[[ Input records, beginning ]]

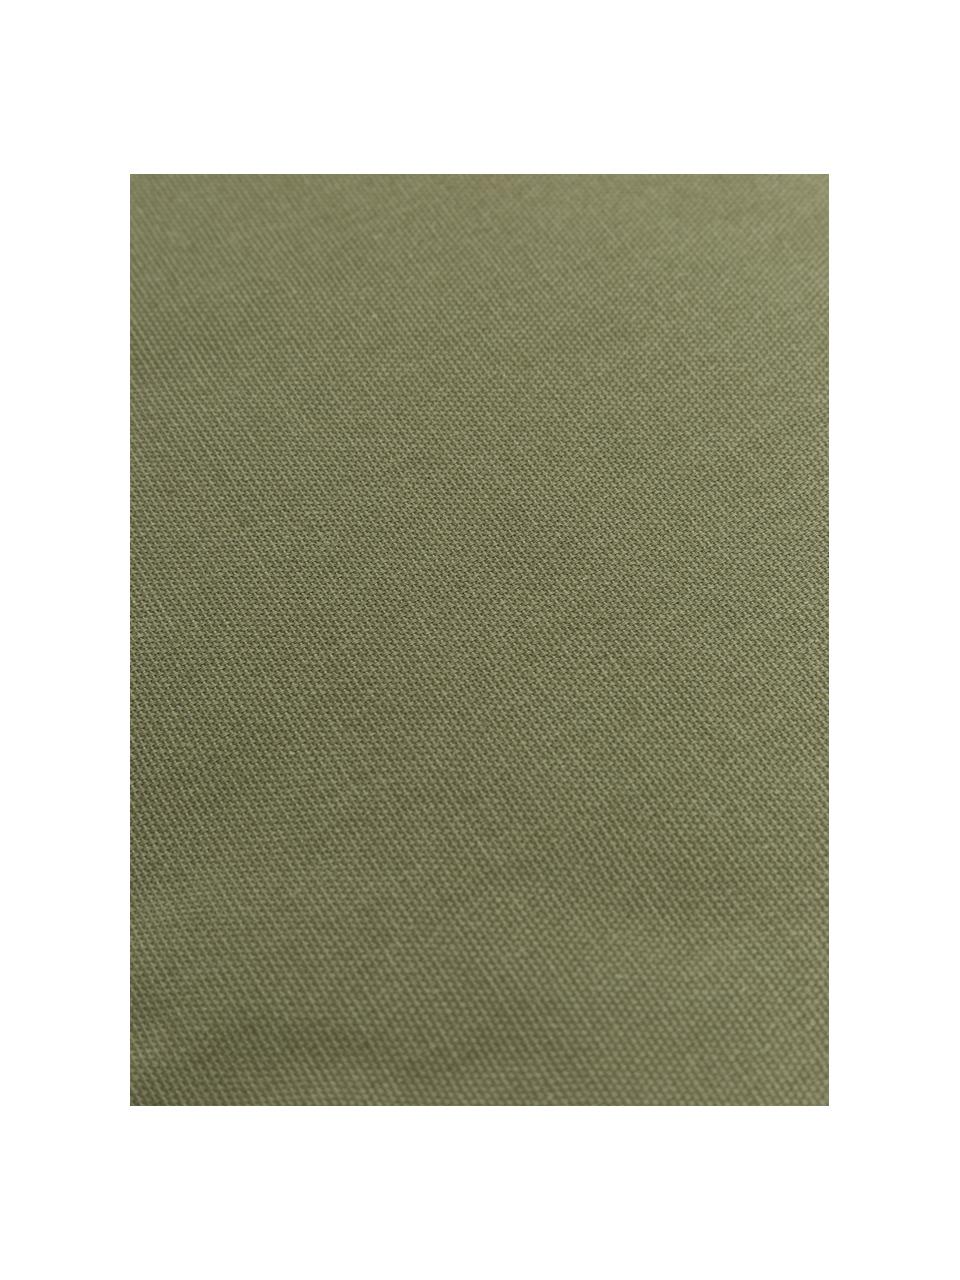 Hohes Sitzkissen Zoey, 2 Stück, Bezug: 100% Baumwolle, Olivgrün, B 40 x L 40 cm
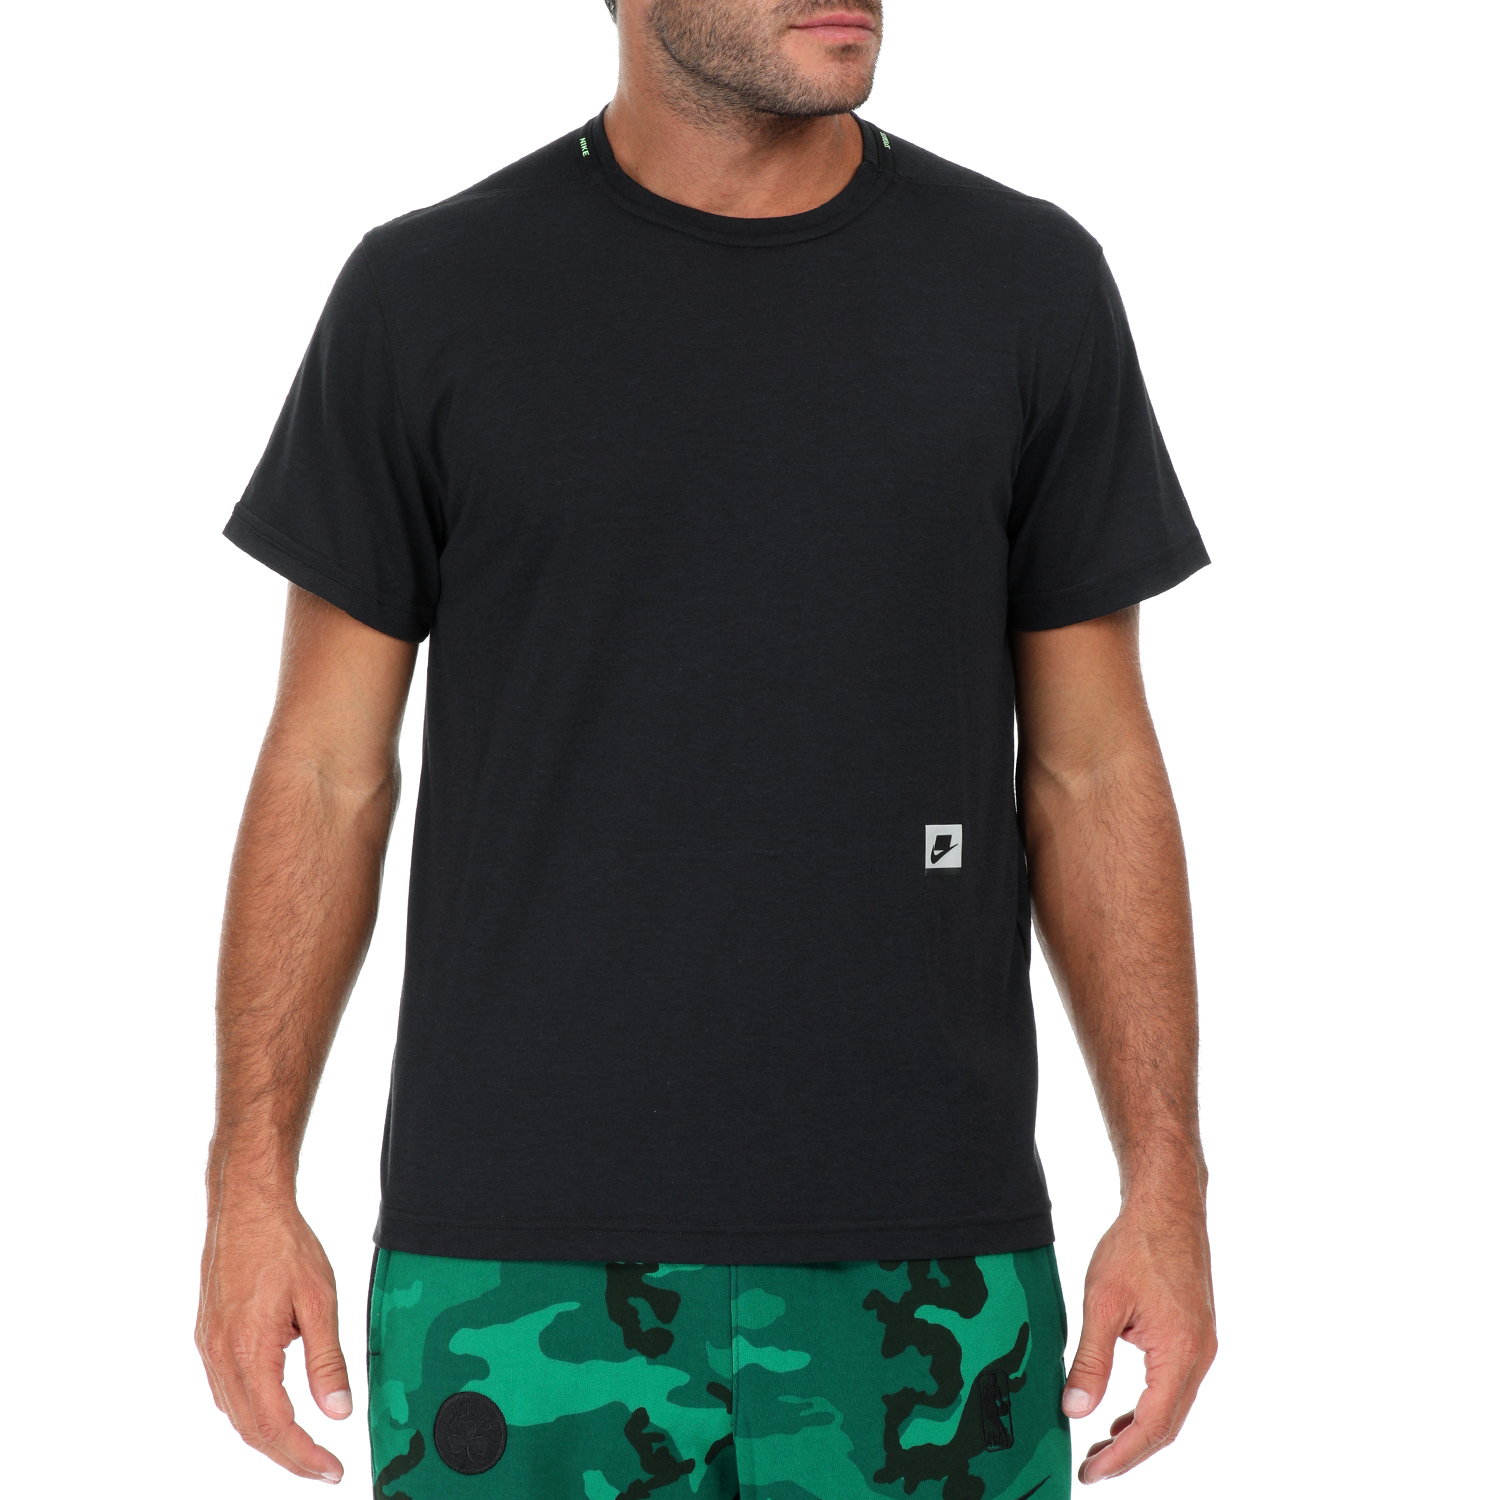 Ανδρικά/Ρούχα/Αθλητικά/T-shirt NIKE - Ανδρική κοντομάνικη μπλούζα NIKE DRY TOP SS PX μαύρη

[[ Input records, end ]]
[[ Input records, beginning ]]

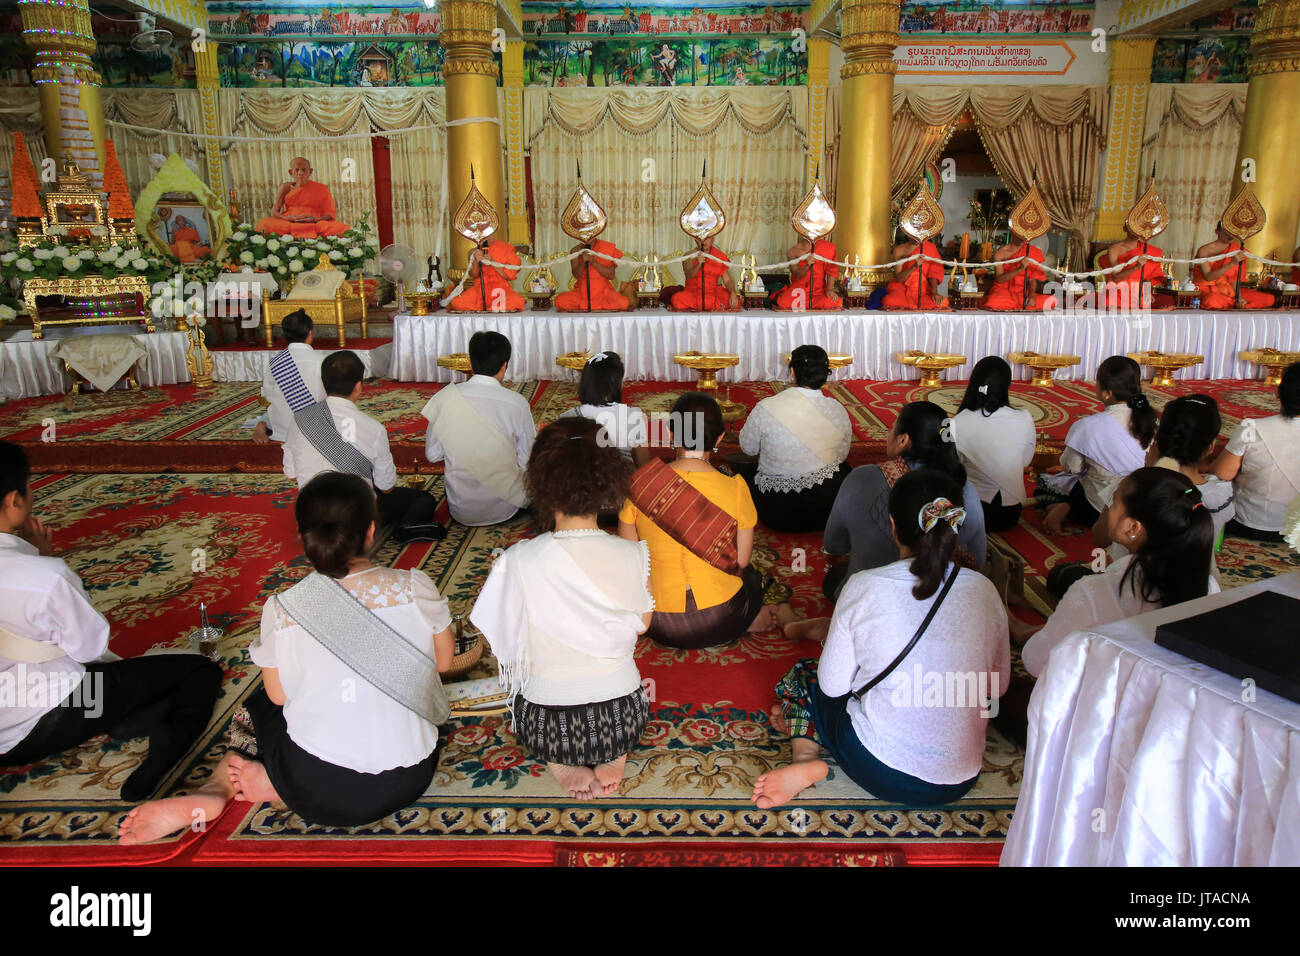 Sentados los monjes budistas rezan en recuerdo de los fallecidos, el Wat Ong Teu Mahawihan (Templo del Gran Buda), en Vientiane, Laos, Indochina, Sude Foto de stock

[[ Input records, end ]]
[[ Input records, beginning ]]

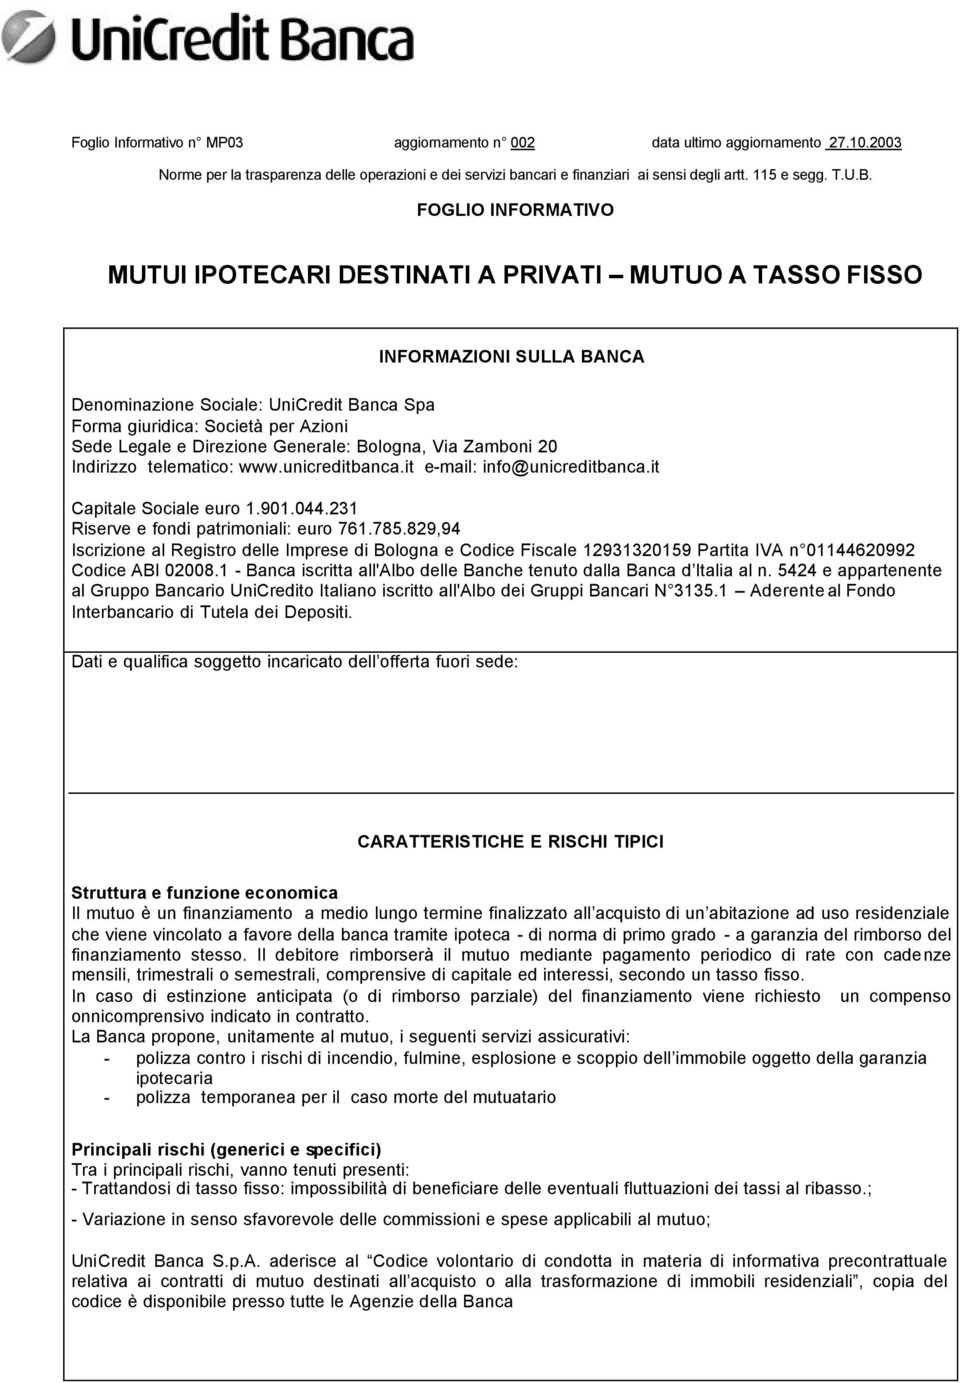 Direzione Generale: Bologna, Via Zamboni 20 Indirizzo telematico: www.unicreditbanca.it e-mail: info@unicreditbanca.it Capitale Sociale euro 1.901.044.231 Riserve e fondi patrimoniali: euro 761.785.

[[ Input records, end ]]

■ Task directions ■
Using the entries above, transcribe every line from the line containing "Hohes Sitzkissen Zoey, 2" through the line containing "Ανδρικά/Ρούχα/Αθλητικά/T-shirt NIKE - Ανδρική". Do not copy pictures.

■ Task result ■
 Hohes Sitzkissen Zoey, 2 Stück, Bezug: 100% Baumwolle, Olivgrün, B 40 x L 40 cm
 Ανδρικά/Ρούχα/Αθλητικά/T-shirt NIKE - Ανδρική κοντομάνικη μπλούζα NIKE DRY TOP SS PX μαύρη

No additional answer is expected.